EXERCISE | An exact transcription of all the data is required; the pictures are to be left out.

(SUPPLIED DATA begins)

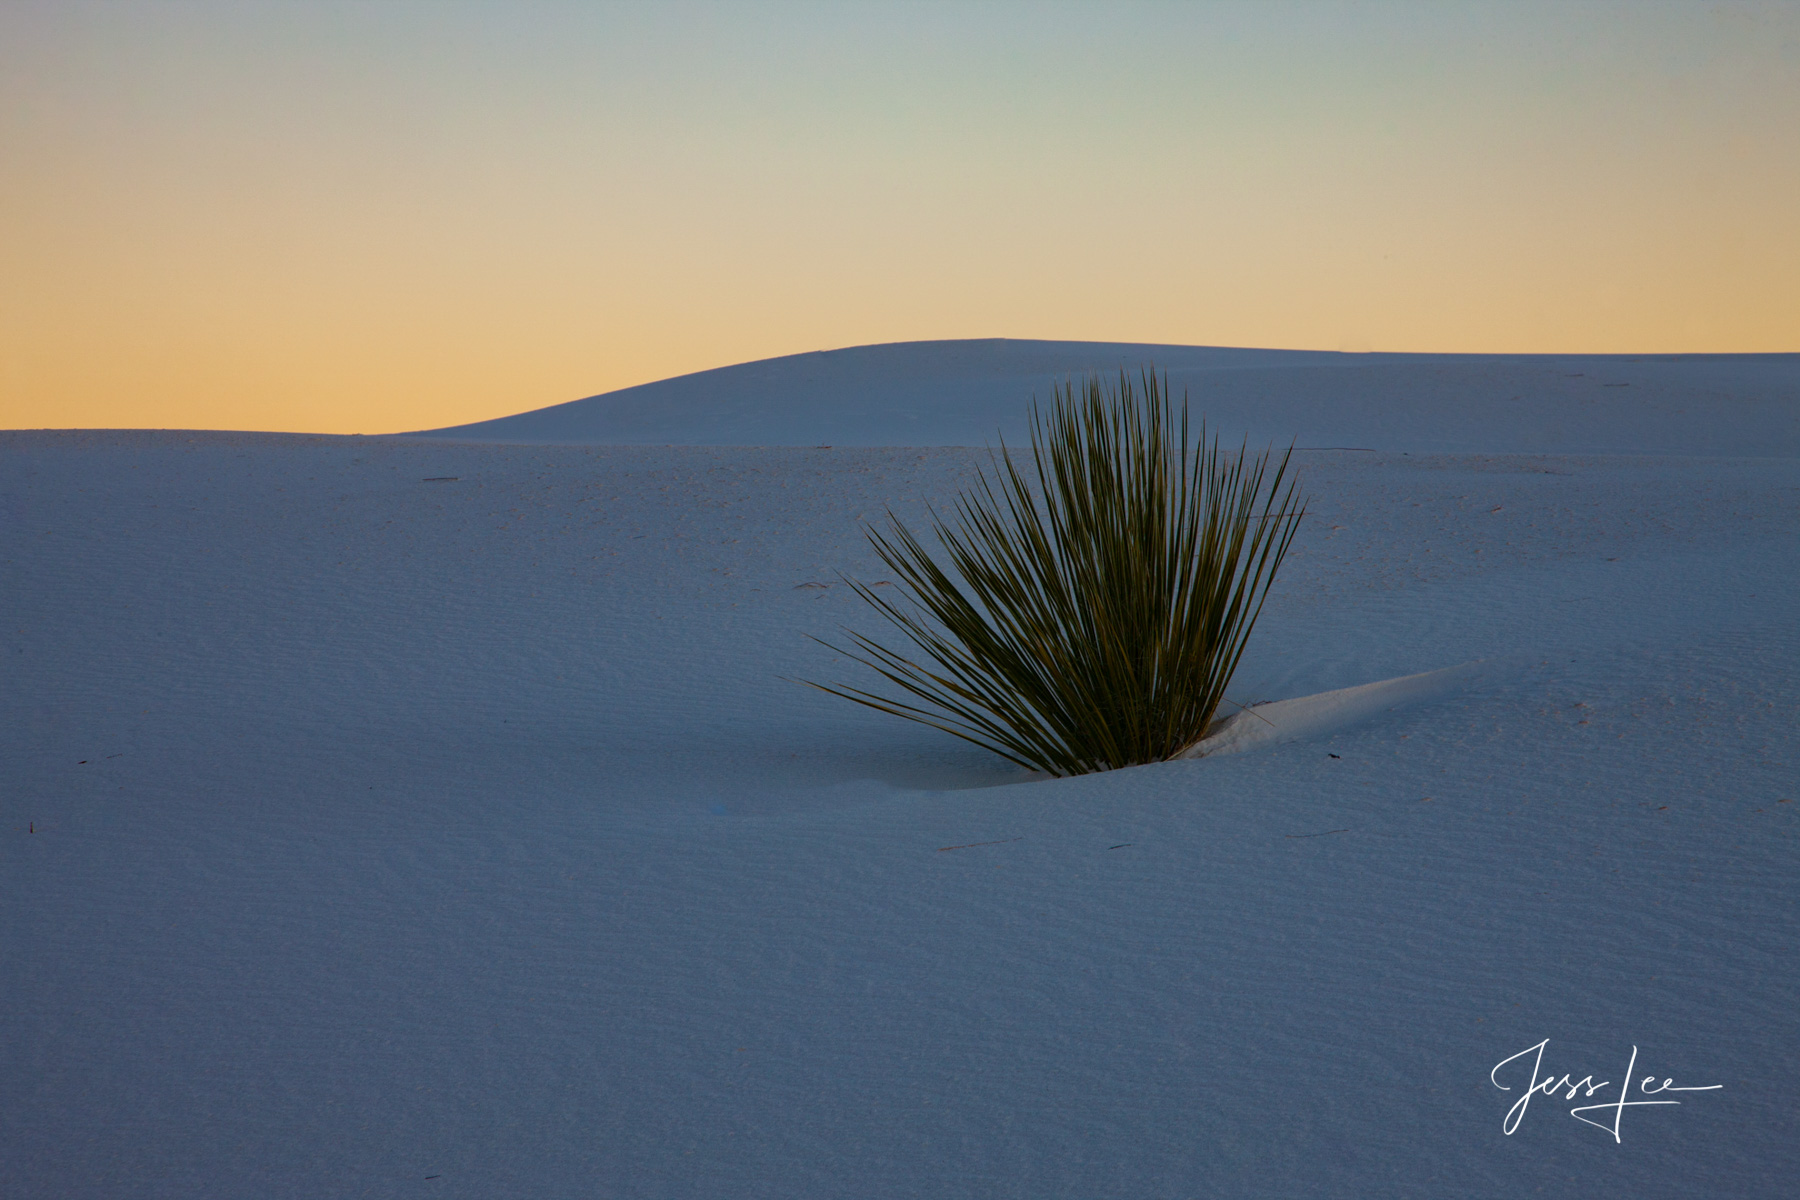 Limited Edition of 50 Exclusive high-resolution Museum Quality Fine Art Prints of Desert dunes Photos copyright © Jess Lee
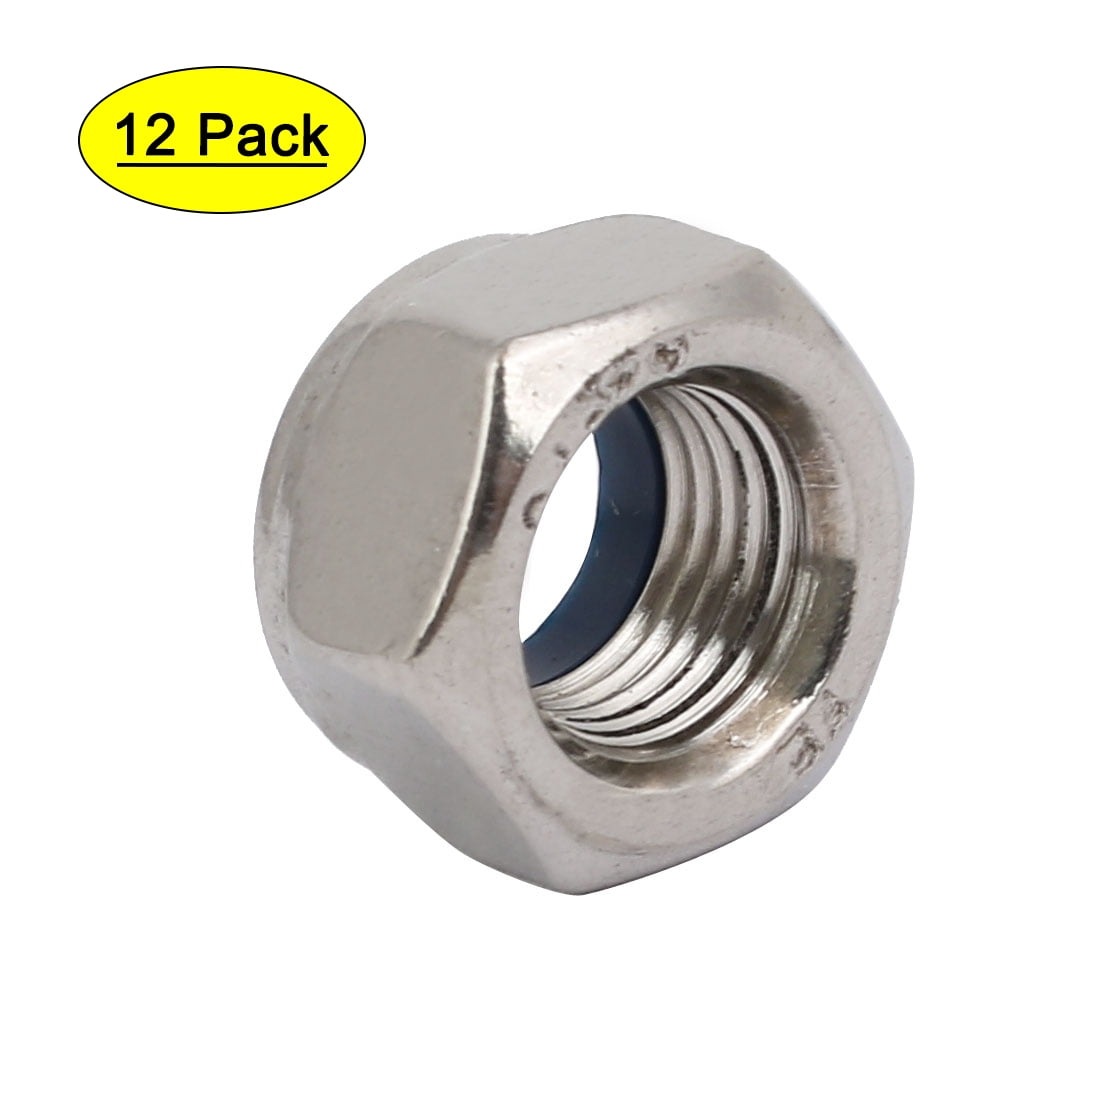 Pack of 20 304 Stainless Steel TOUHIA 7/16-20 Fine Thread Hex Nuts 
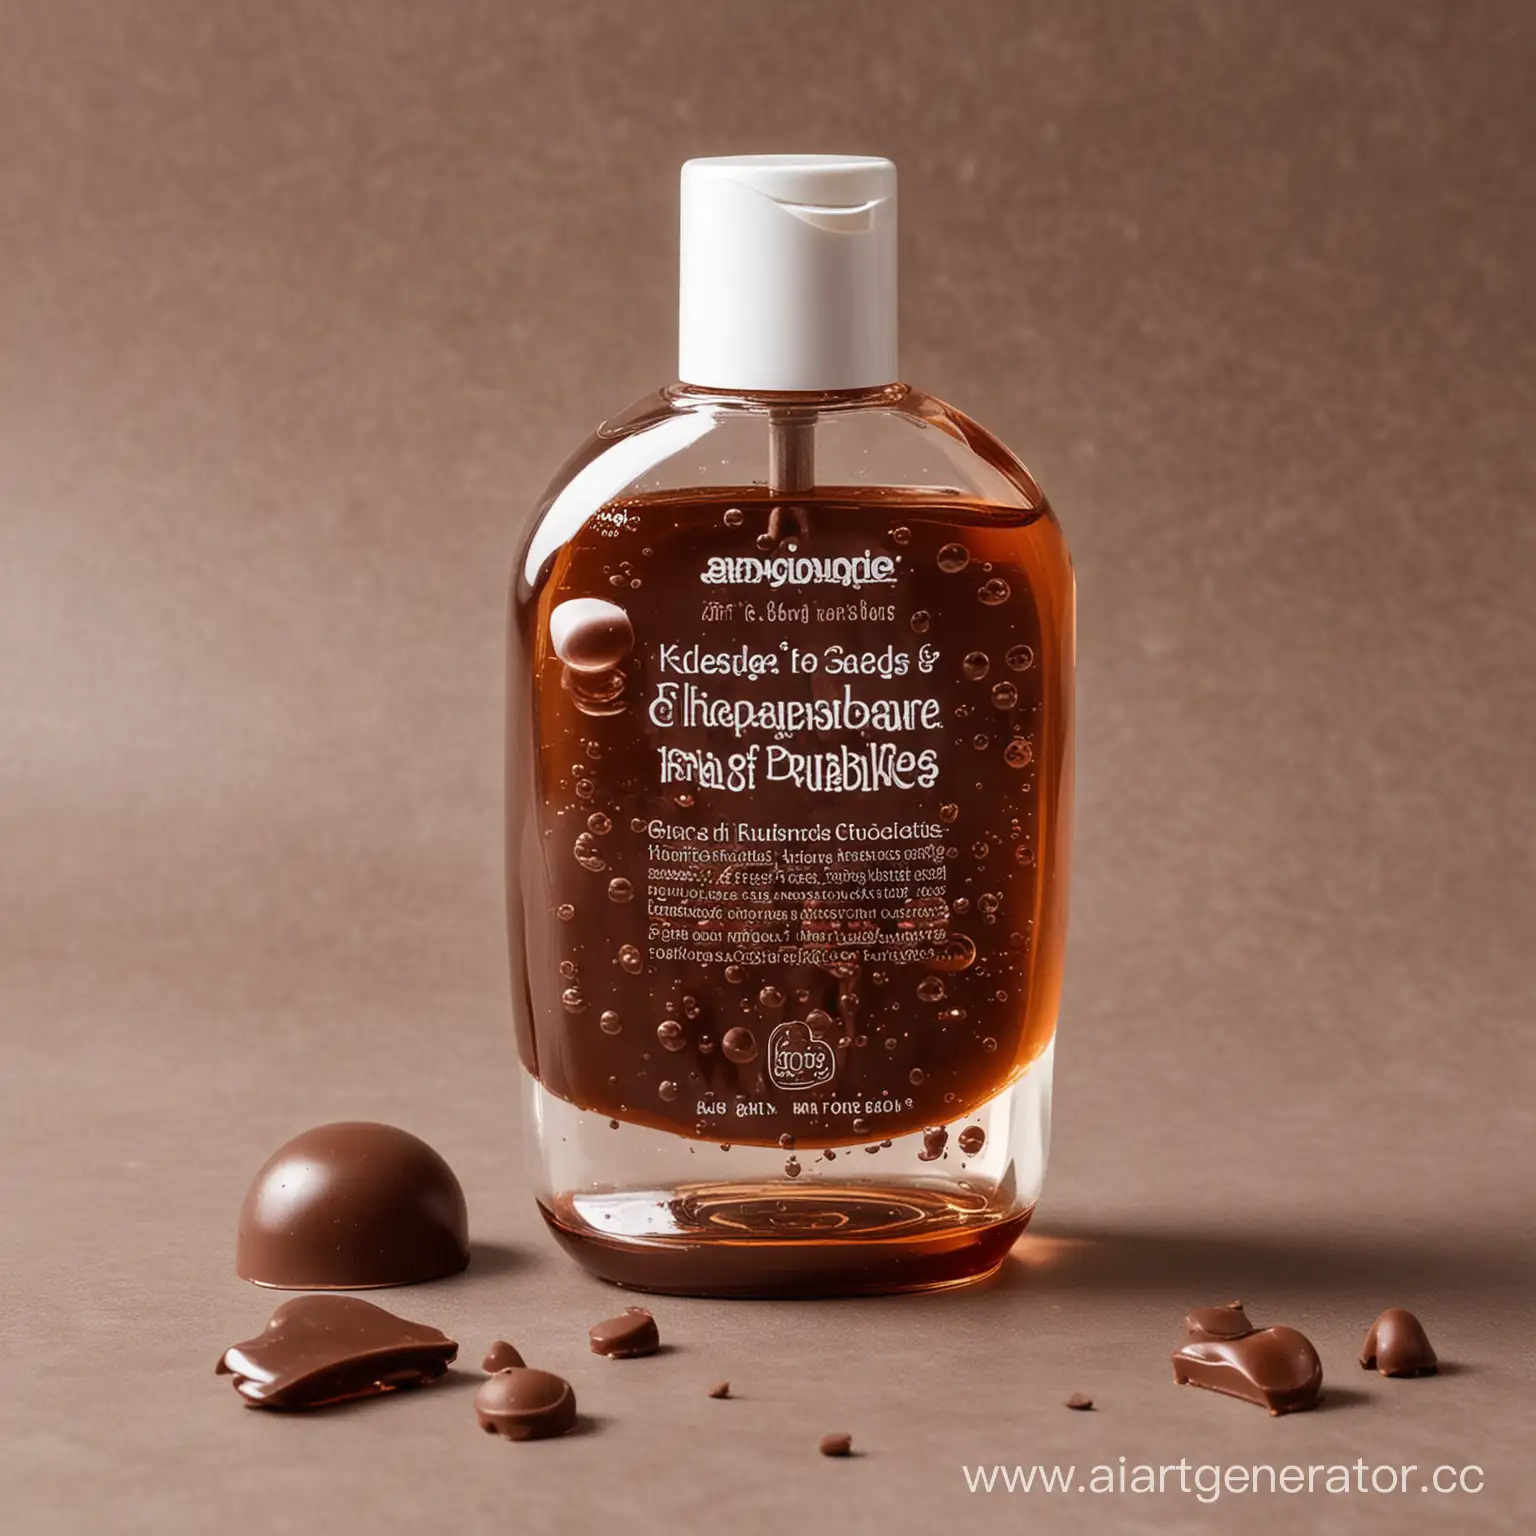 ChocolateColored-Shower-Gel-in-Transparent-Packaging-Amidst-Soap-Bubbles

(SUPPLIED DATA ends)

ANSWER TO THIS TASK |
 Limited Edition of 50 Exclusive high-resolution Museum Quality Fine Art Prints of Desert dunes Photos copyright © Jess Lee
 Pack of 20 304 Stainless Steel TOUHIA 7/16-20 Fine Thread Hex Nuts 
 ChocolateColored-Shower-Gel-in-Transparent-Packaging-Amidst-Soap-Bubbles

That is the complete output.